Each log will be composed of multiple objects stored in a Swift container (with a predefined prefix), with each object being a subset of the logging information. The entire log will be reconstructed by concatenating the objects in the container that pertain to the specified log; order can be determined by examining the object metadata for each object, or simply by alphabetically sorting the objects by filename (assuming a suitable naming convention). The prefix will be generated by using a know pattern. All the corresponding files can then be retrieved from Swift using this prefix. The suggested prefix will be: ‘%(instance_id)s/%(datastore)s-%(log)s/’

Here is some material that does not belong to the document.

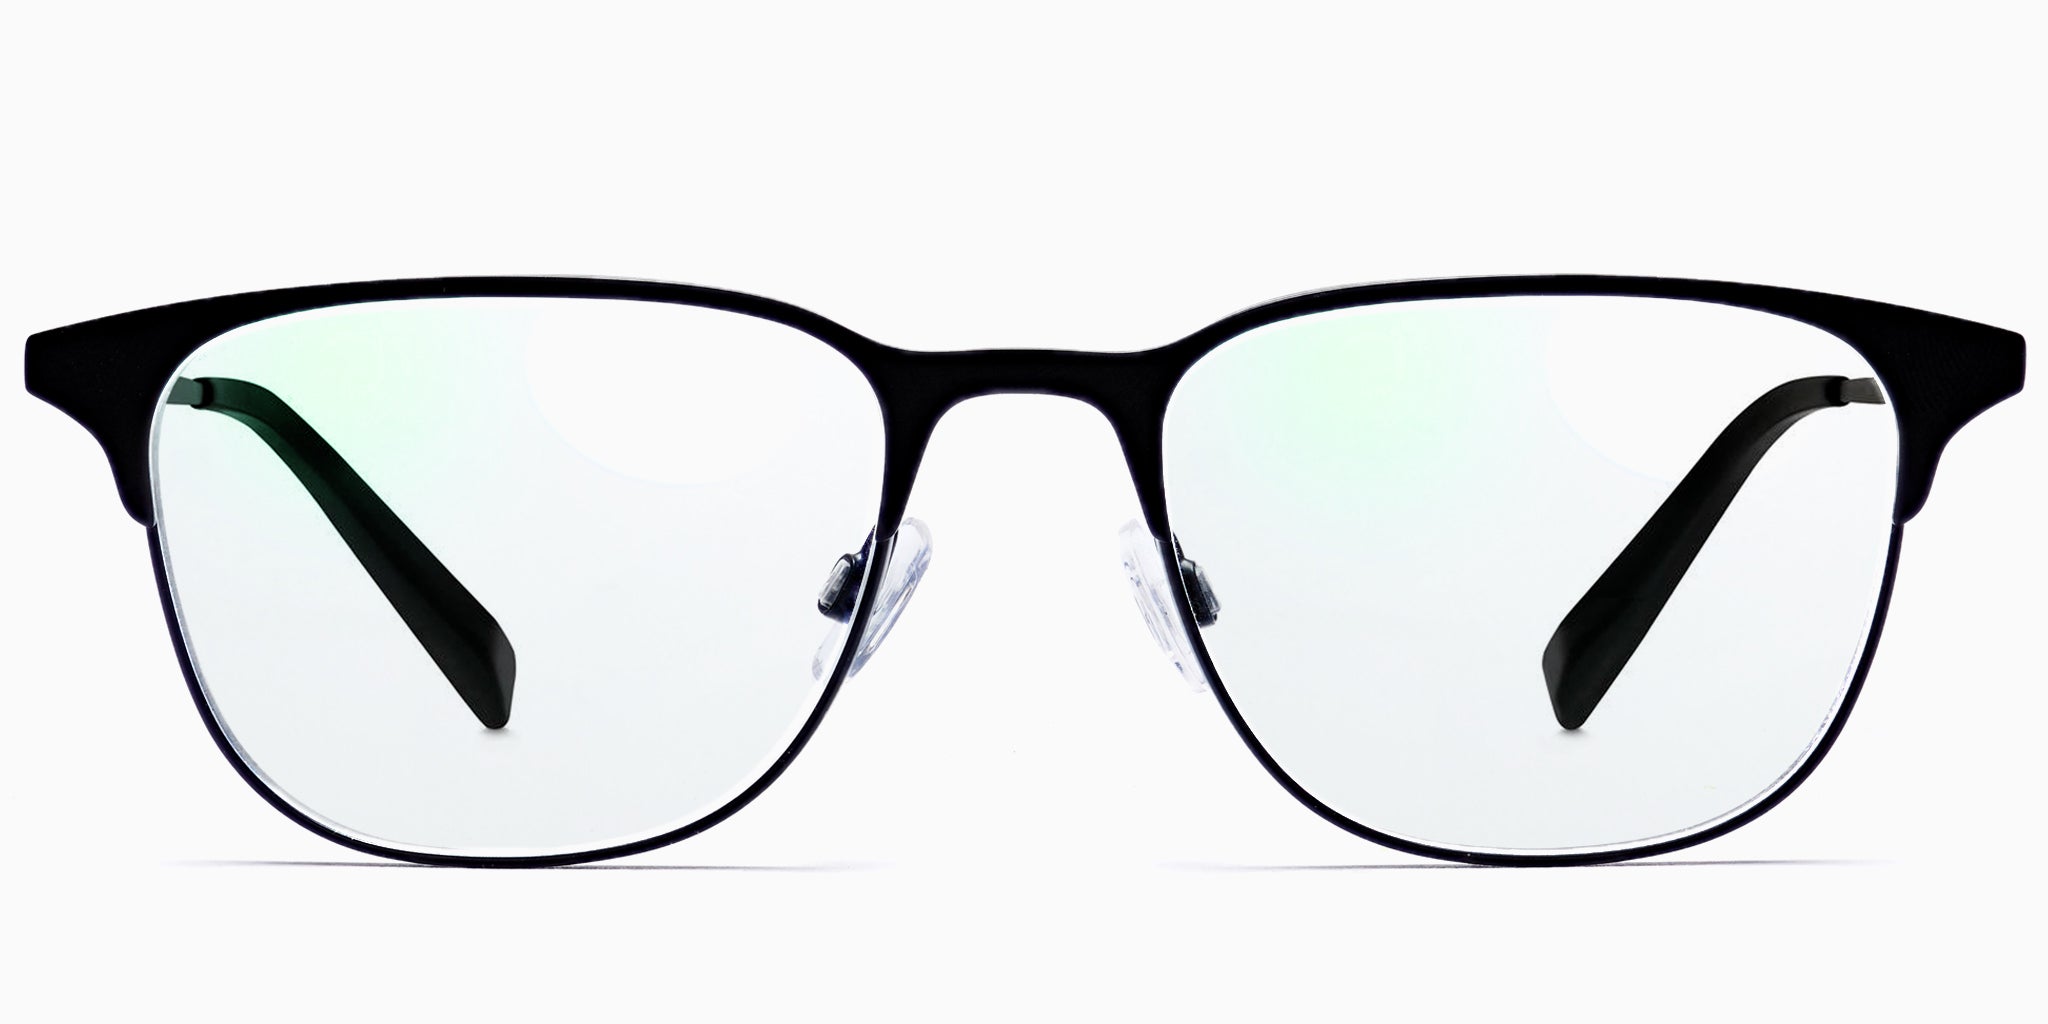 Progressive glasses

Each log will store a metadata file in the container, which will have the following information associated with it:

Key Value
Log Name Name of log
Log Type SYS or USER
Log File File where data is published from
Log Hash Hash of log file
Log Size Log file size at last publish
Log Lines Log file line count at last publish

A list of all the instances with logs in the container could be viewed with the following command:

$ swift list database_logs --delimiter='/'

Response:

fa8c452e-6568-438a-9f04-b2878290fb90/

A list of all the logs for an instance could be viewed with the following command:

$ swift list database_logs --delimiter='/' --prefix fa8c452e-6568-438a-9f04-b2878290fb90/

Response:

fa8c452e-6568-438a-9f04-b2878290fb90/mysql-guest/
fa8c452e-6568-438a-9f04-b2878290fb90/mysql-guest_metafile

A list of all the actual log files associated with a specific datastore log could be viewed with the following command:

$ swift list database_logs --delimiter='/' --prefix fa8c452e-6568-438a-9f04-b2878290fb90/mysql-guest/

Response:

fa8c452e-6568-438a-9f04-b2878290fb90/mysql-guest/log-2015-11-18T21:28:09.975754

Configuration

Datastore CONF settings:

  • guest_log_exposed_logs - Used to configure which logs will be exposed by the logging component
  • guest_log_container_name - pattern used to generate the name of the contain which will hold the logs
  • guest_log_long_query_time - the time to set to identify if a query is taking a long time
  • guest_log_limit - max size (in bytes) for any chunk pushed to Swift
  • guest_log_expiry - time in seconds after which the log component is removed from the Swift container (0 for no expiry)

guest_log_exposed_logs

A guest_log_exposed_logs config value will enumerate the logs available for a datastore. By default, the guestagent log would be supported by all datastores plus any other logs defined and supported by the datastore’s guestagent manager.

Excerpt from trove-guestagent.conf:

guest_log_exposed_logs = error,guest,slow_query,general

Any USER log not mentioned in the guest_log_exposed_logs list will be disabled by default. A special value of “ALL” will enable all logs supported by the guest agent manager.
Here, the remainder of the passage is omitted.